The largest fall in real house prices since 1970 was the 12.7% decline between mid-2017 and mid-2019. A 20% fall in nominal house prices (no adjustment for inflation) over the next year would be a 27% fall in real house prices if inflation runs at 7%. 27% is more than twice the largest fall we have seen in real house prices (12.7%) since 1970. It could happen, but it is very unlikely.
However, investors should not expect real house prices to rise either for a decade or more. There might even be a slow decline in real house prices, as happened from 1974-1987. There is something to work through here and that will take a long time.
Inflation expectations
The doomsayer pundits also seem to have a misunderstanding of the role of interest rate expectations in setting house prices. Homeowners are for the most part thinking about how high, or how low, interest rates will go in the long term, not the very short term. Homeowners are not easily convinced that interest rate changes are permanent.

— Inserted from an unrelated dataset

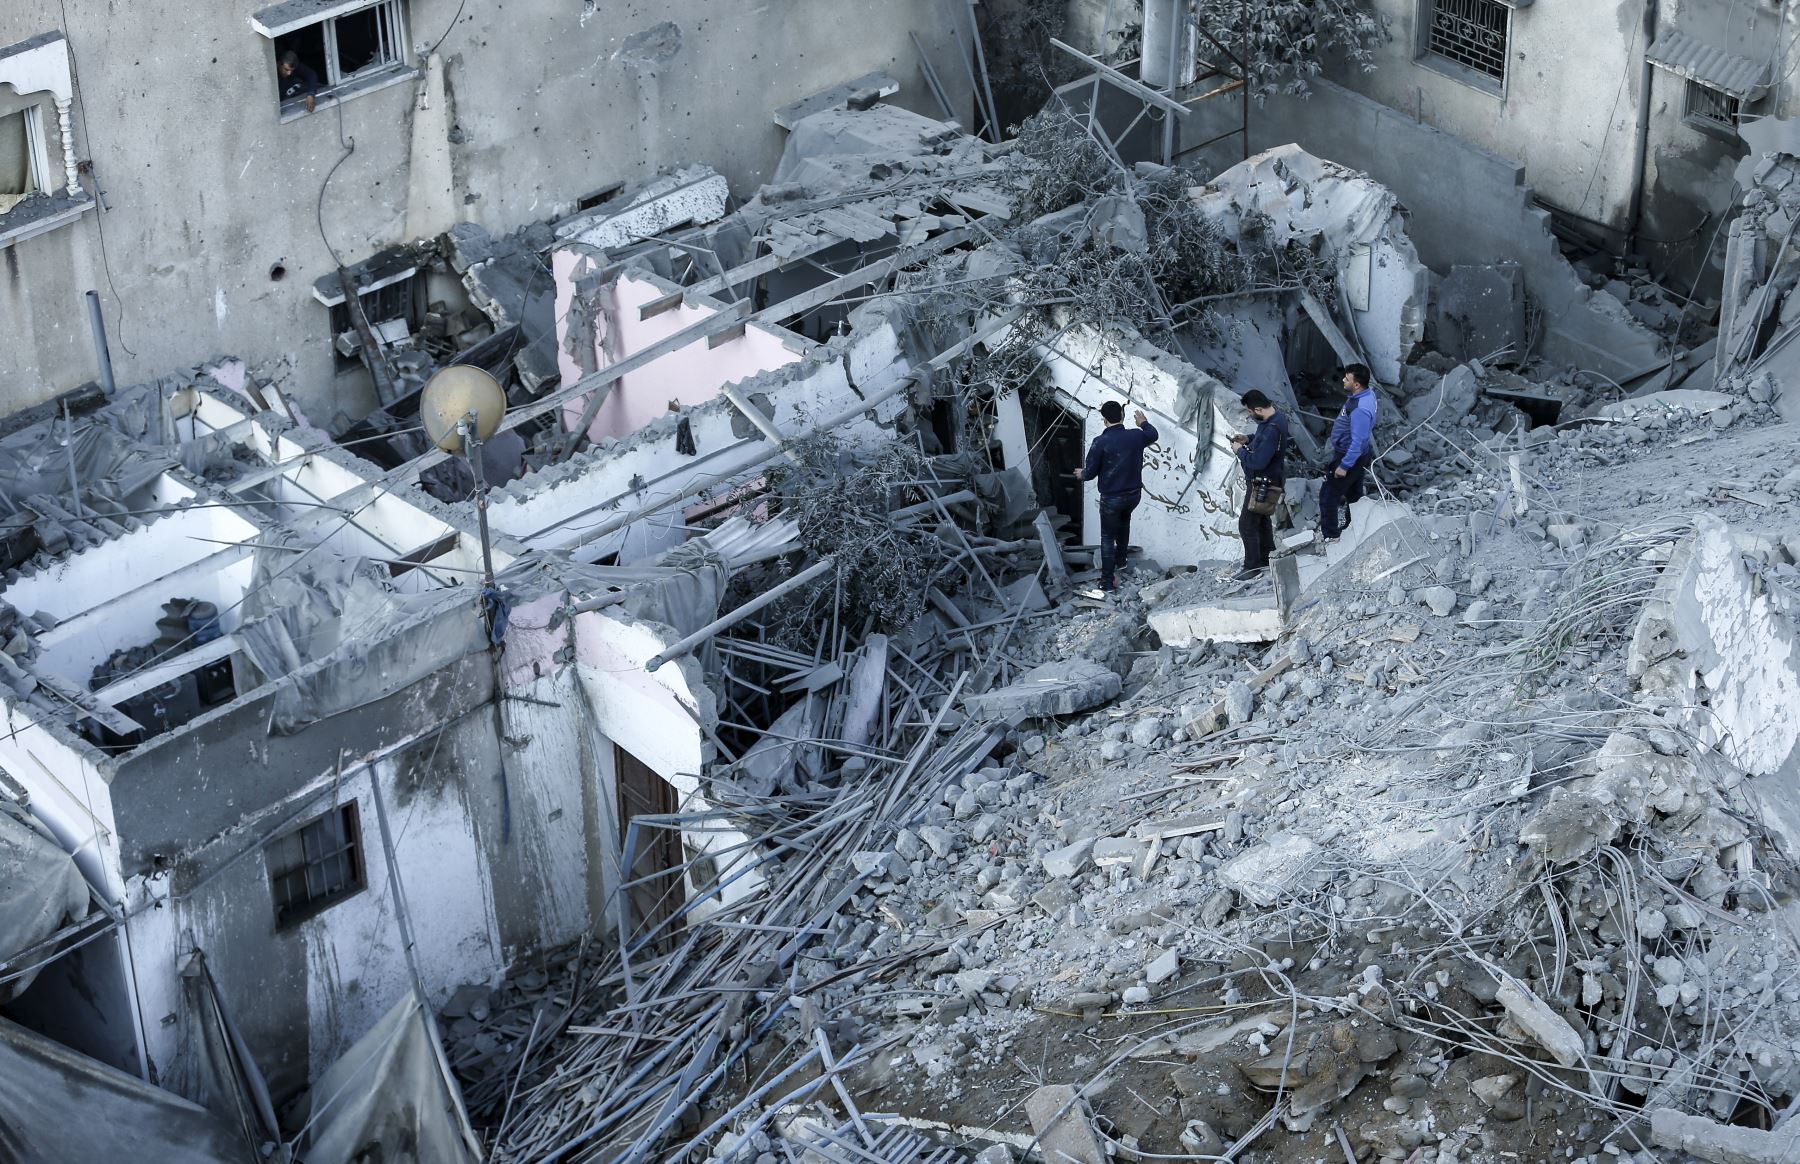 Los palestinos inspeccionan los daños en un vecindario residencial en la ciudad de Gaza a principios del 13 de noviembre de 2018, luego de los ataques aéreos israelíes contra el área durante la noche. - El avión de Israel impactó en Gaza el 12 de noviembre, matando a tres palestinos e hiriendo a nueve después de un bombardeo de cohetes en su territorio desde el enclave. El estallido se produjo después de una operación letal de las fuerzas especiales israelíes en la Franja de Gaza el fin de semana que dejó a

In 2019, the Reserve Bank of Australia (RBA) cut the cash rate from 1.50% to 0.75% by 1 October 2019, or three months before the first Covid fatality in Wuhan in January 2020. But the property market did not respond quickly. Even after the cash rate was cut to 0.10% in mid-2020 in response to the Covid crisis, the market still took its time to be convinced that the rate cuts were long term.
The same will happen in this cycle. Housing market participants will look at rising mortgage rates and think they are not obviously permanent. Rising inflation might be pushing rates up now, but inflation will fall away and then rates will fall with it.
The point is that house prices won’t respond rapidly downward due to rising mortgage rates until households think those rates are higher for the long term. We can see in bond prices that the bond market thinks inflation and interest rates will fall away quickly over the next 12 months. Long bond rates have fallen significantly in recent months. The money market is expecting the cash rate to rise to about 3% and then be lowered again in 2023.
The doomsayers of 20-25% property price falls are focusing too heavily on short-term interest rates.
Other misunderstandings
There are other misunderstandings leading to these bearish predictions.
One is an exaggerated view of the mortgage stress that will arise if the cash rate goes to 3% of more. The danger of forced sales of properties adding to supply is being seriously overstated. Another misunderstanding is just how constrained the supply of new housing is in Australia.
There is no doubt that house prices in Australia have reached highly-elevated levels. The total value of the housing stock is 480% of GDP in Australia versus 180% of GDP in the US. Moreover, average house prices are more than 6 times average household disposable income, up from a multiple of 2.5 times in 1990.
Nonetheless, homebuyers and investors should be sceptical about predictions that house prices will fall by 20-25% in the next 12-24 months. There are sound economic reasons to expect that house prices will suffer much more modest falls, and also to expect that real house prices will stay flat for a decade or more. Investors need to position themselves for a long period of low growth in house prices.
*Dr Sam Wylie is Director of Windlestone Education, and a Principal Fellow at Melbourne Business School. This article is for general information only and does not consider the circumstances of any individual.